Are you really wanting to skip over records as per your example above?
Memory mapping can be a better choice, if I/O has been identified as a bottleneck and you want 'semi-random' access to you data. I.e. if you can be a bit selective, skipping records, based on the headers and thus skipping significant blocks of data.

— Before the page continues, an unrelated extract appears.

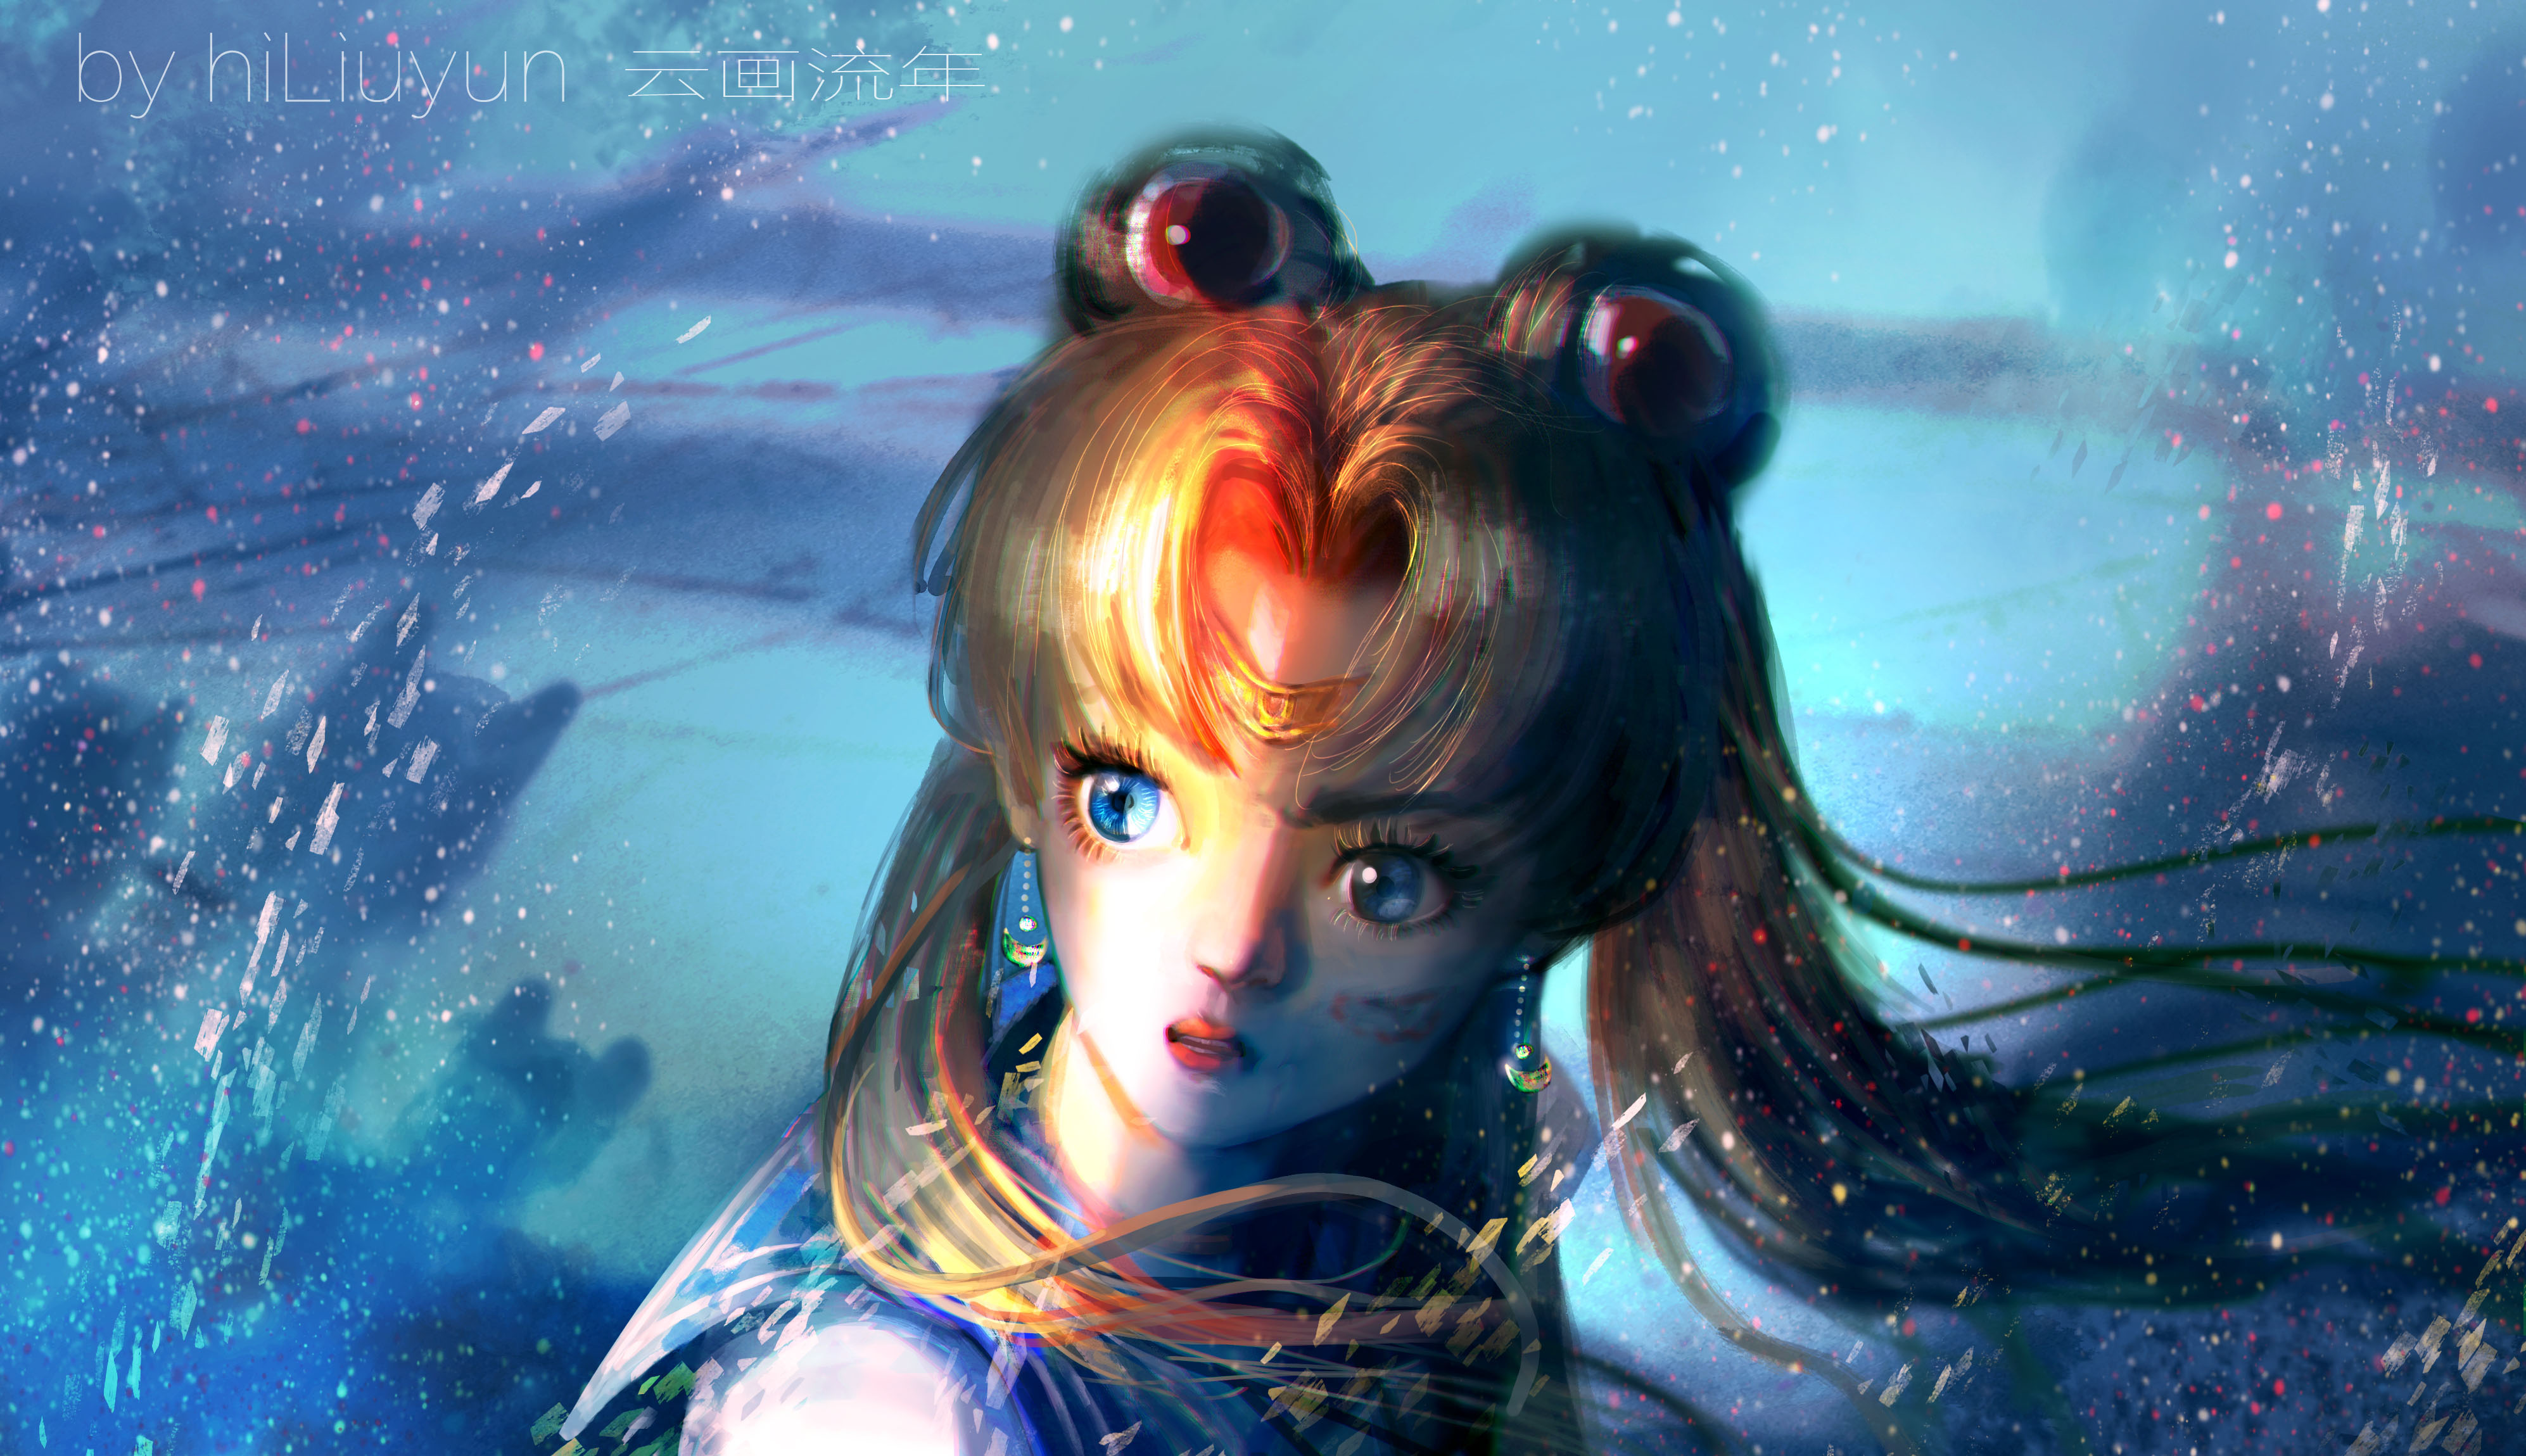 Sailor Moon Fantasy Girl Digital Art HiLiuyun 3988x2299

For example, the following uses Sys::Mmap:
#!/usr/bin/perl
use common::sense;
use Sys::Mmap;
my $path = '/tmp/stuff';
my $file_size = -s $path;
die "empty or missing file: $path"
unless $file_size;
open (my $fh, '+<', $path)
or die "unable to open $path for read: $!";
mmap(my $data, 0, PROT_READ, MAP_SHARED, $fh)
or die "mmap: $!";
my $pos = 0;
while ($pos < $file_size) {
my ($size, $code, $ftype)
= unpack ("nCC", substr($data, $pos, 4));
$pos += 4; # advance past header
$size = $size - 4;
if ($size > 0) {
$pos += $size; # advance past record
}
}
If you've identified I/O as a bottleneck, it's worthwhile benchmarking this against your above solution anyway, even if you are reading sequentially. It'll help to determine if
read really is imposing a performance penalty!